[Start of section]

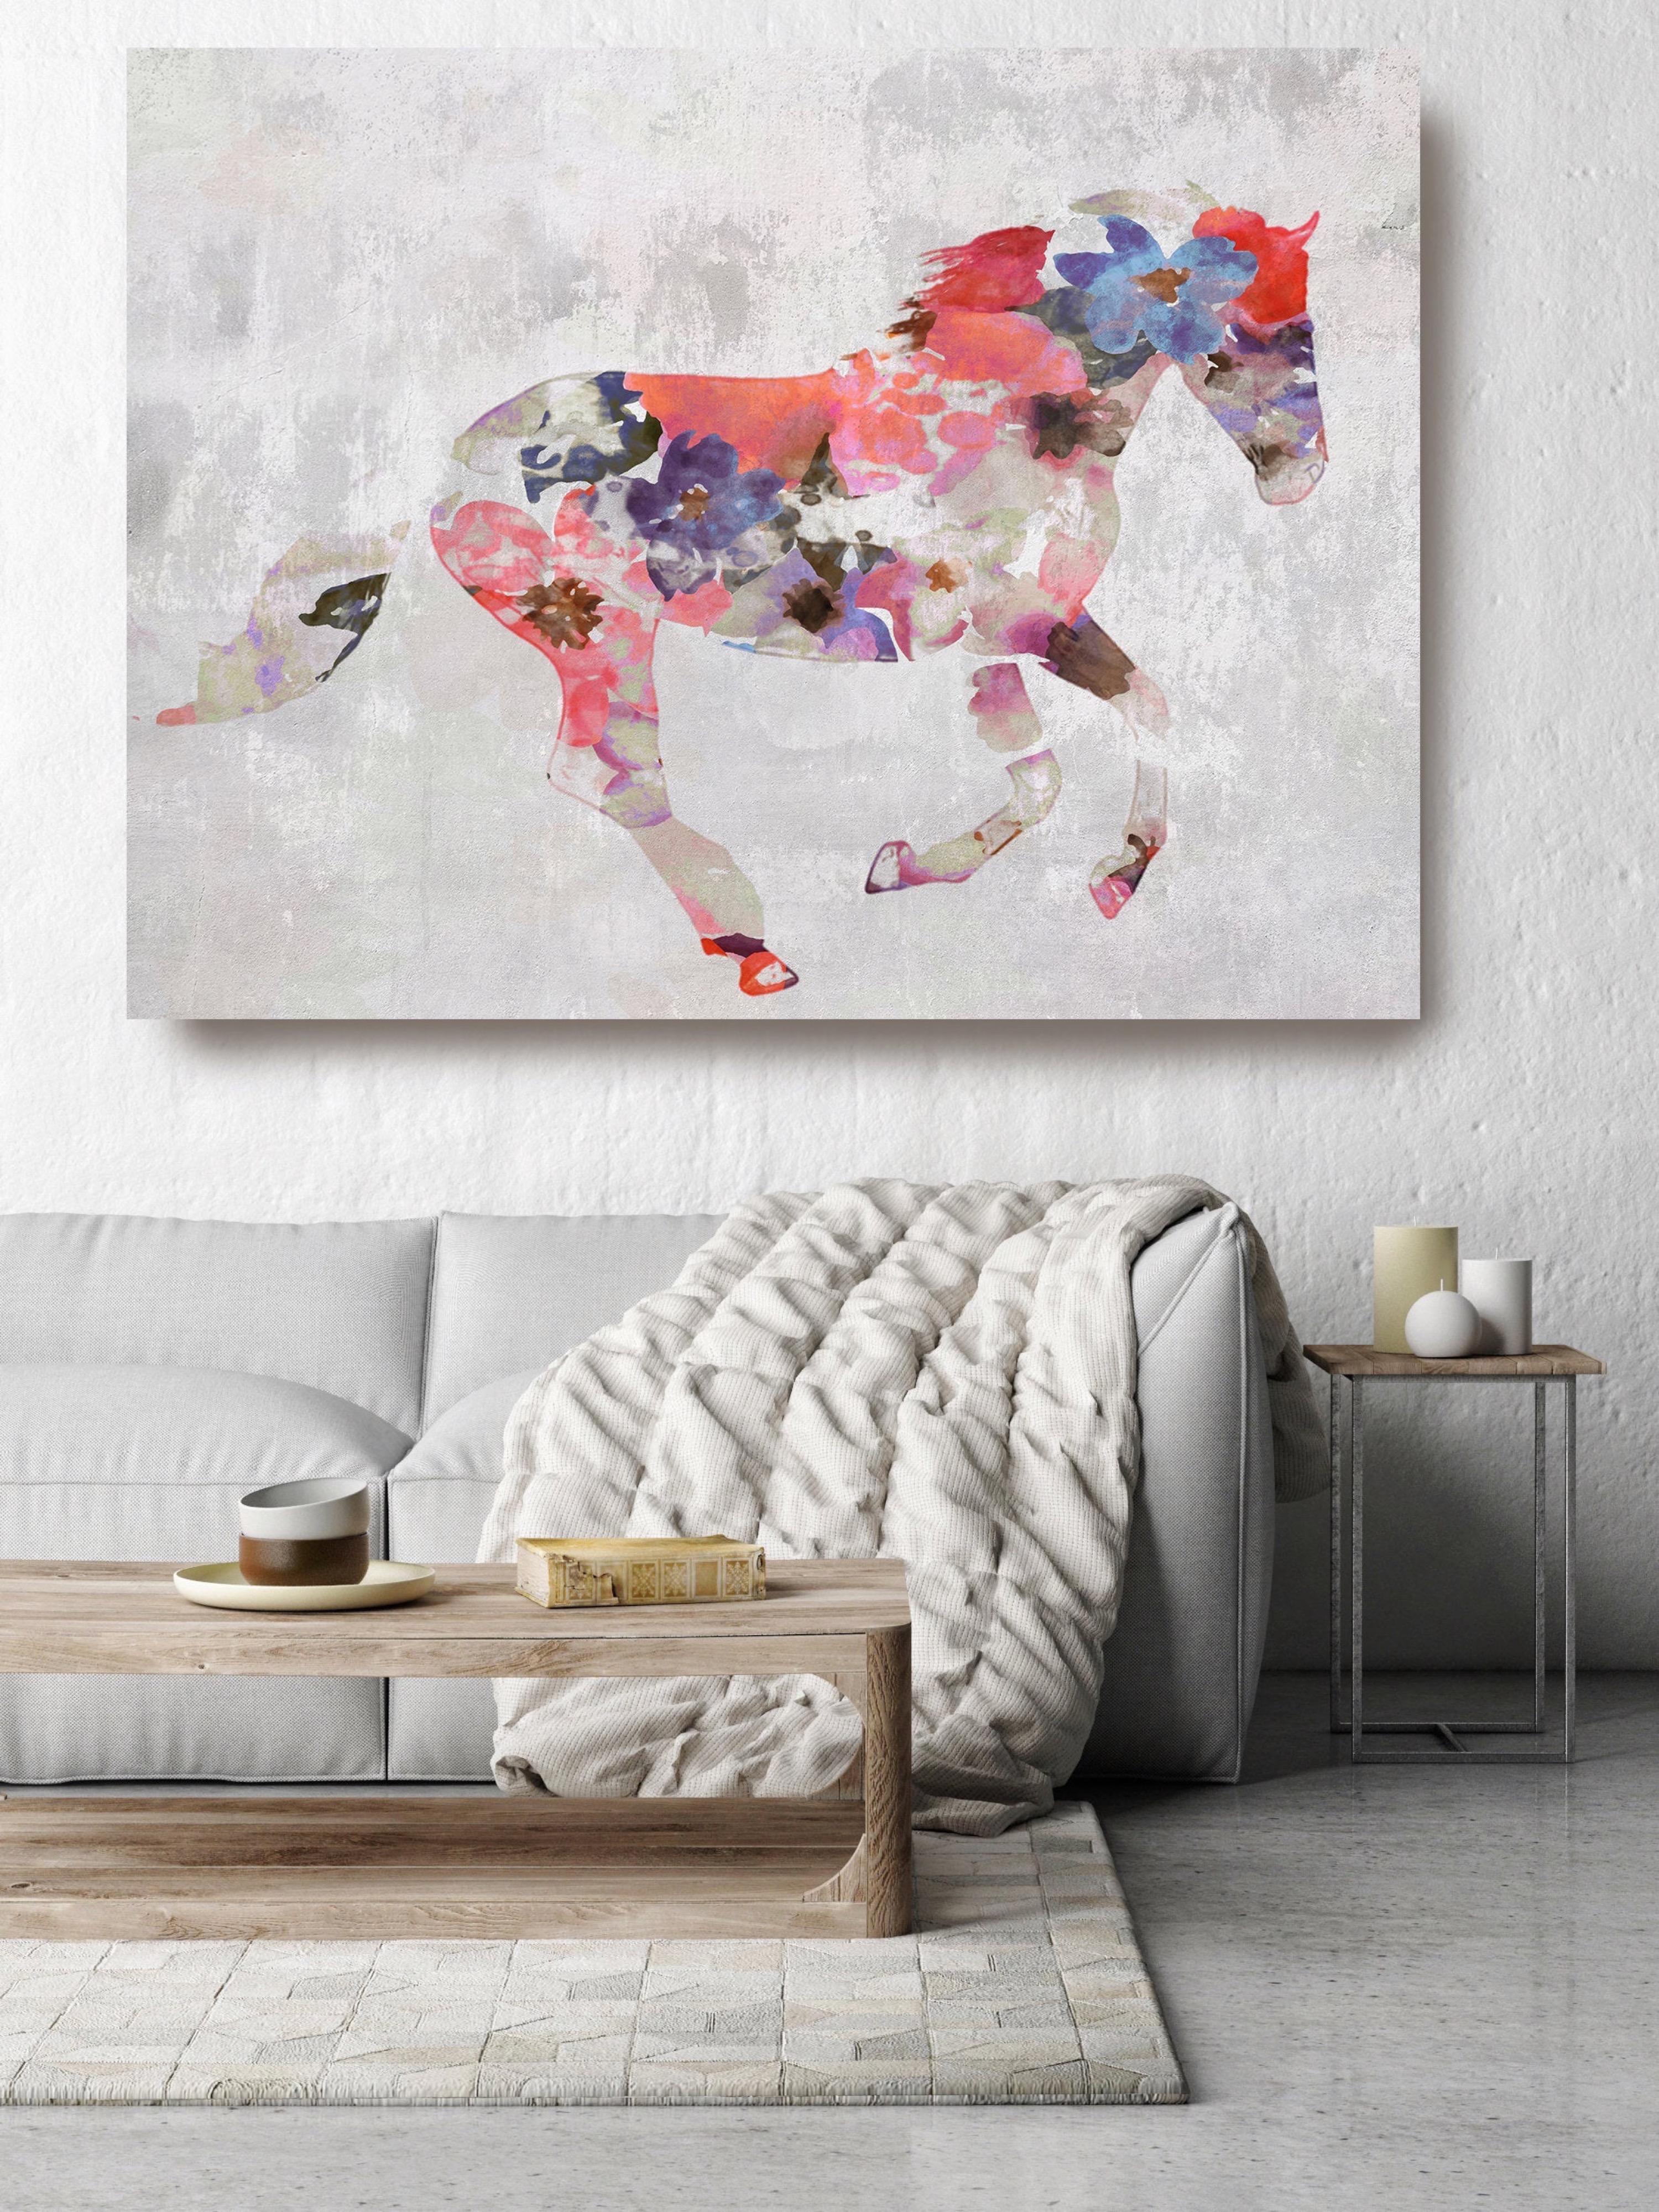 Colorful Floral Horse Painting Horse Fine Art Hand Embellished Giclee on Canvas

Collector's Edition Embellished Art Canvas Giclee With Brushstrokes and rich texture.

State-of-the-art HAND EMBELLISHED ∽ MUSEUM QUALITY ∽ DISPLAY READY Giclee
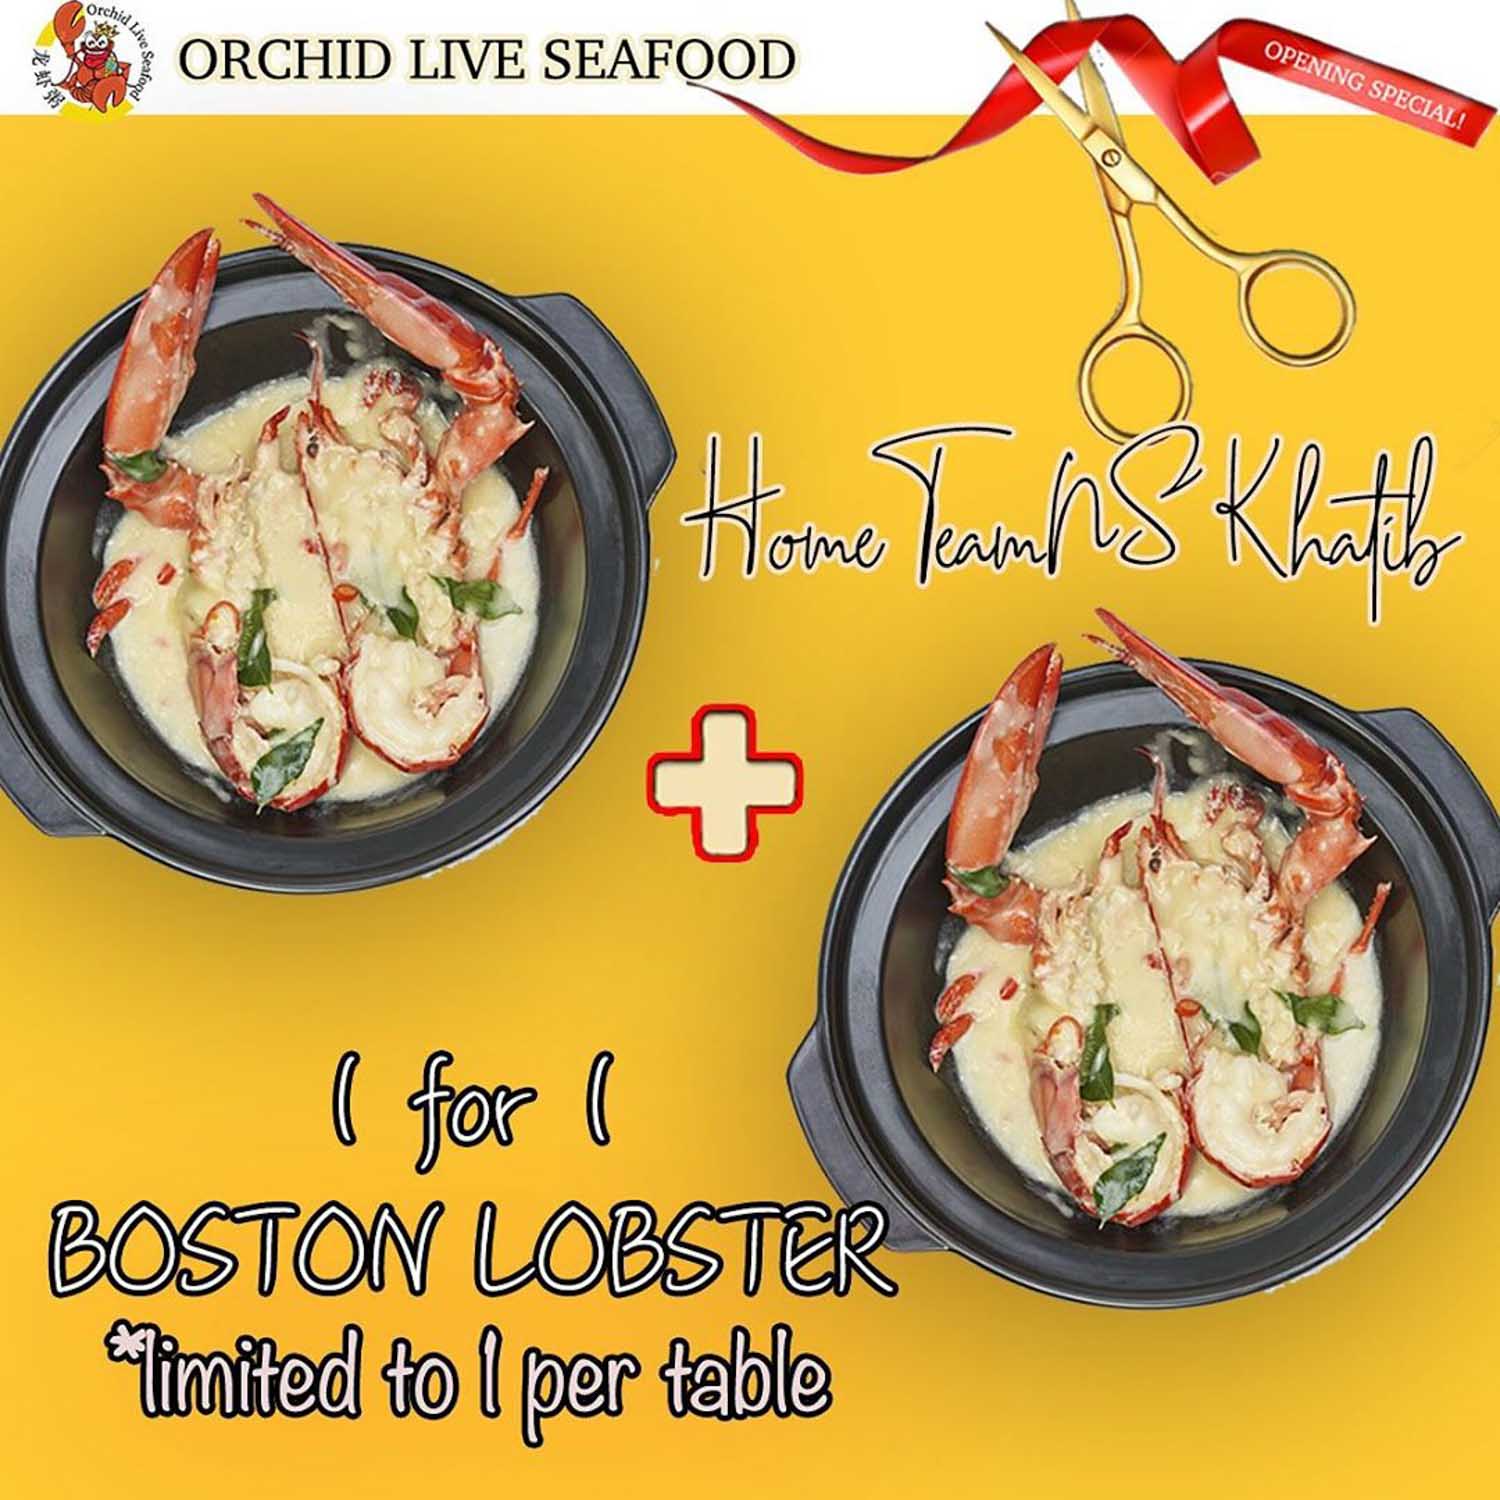 1-for-1 boston lobster - 1-for-1 khatib orchid live seafood restaurant
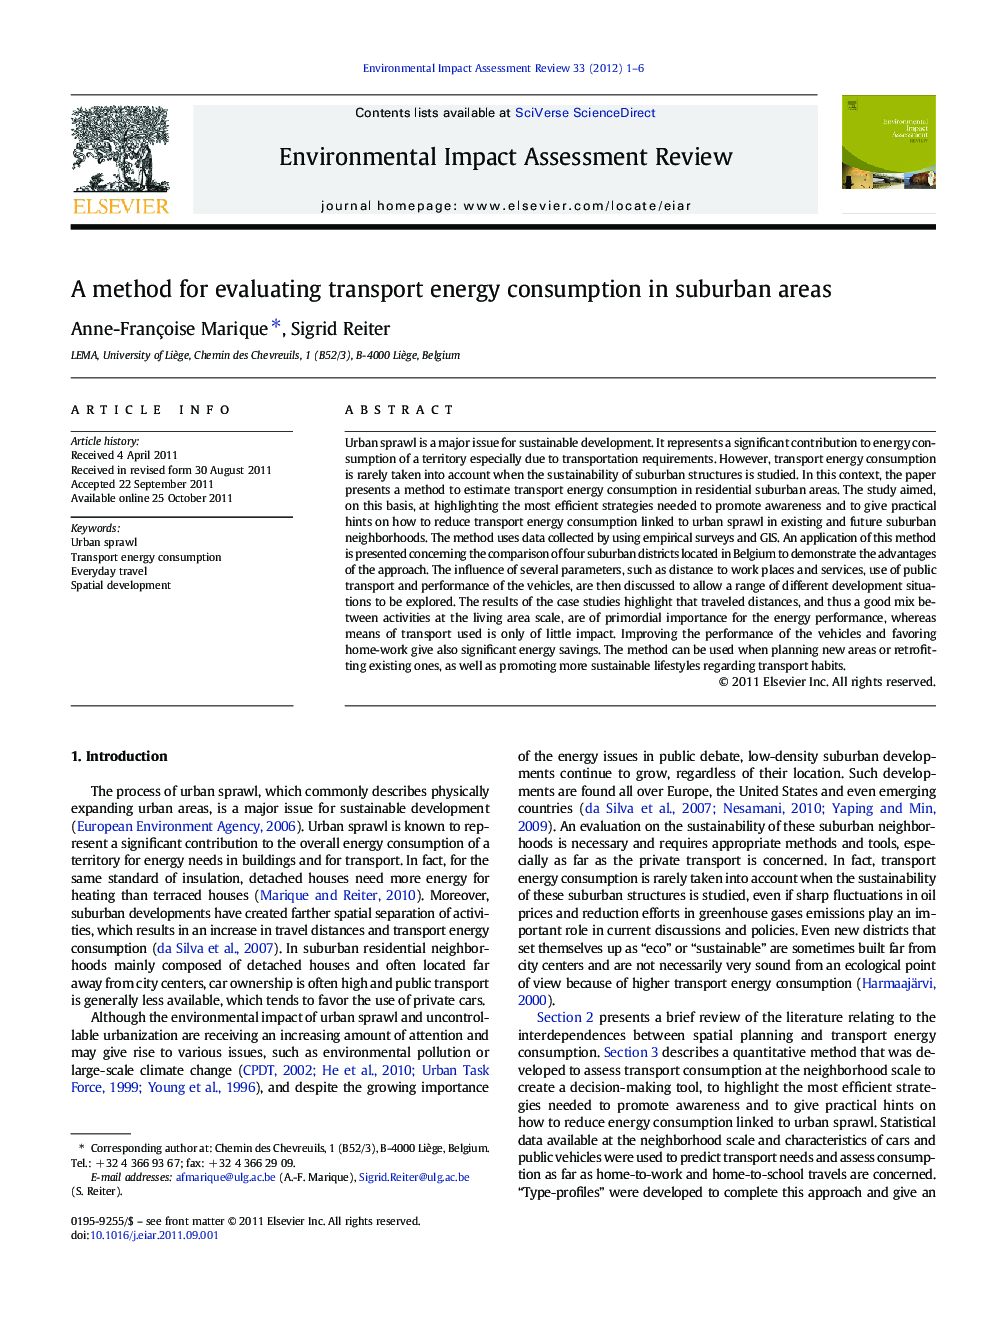 A method for evaluating transport energy consumption in suburban areas

[End of section]

*Directions*:
Copy exactly the lines that run from the one containing "1-for-1 boston lobster" to the last line of the records, both included, and leave out every picture.

*Answer to this problem*:
 1-for-1 boston lobster - 1-for-1 khatib orchid live seafood restaurant
 A method for evaluating transport energy consumption in suburban areas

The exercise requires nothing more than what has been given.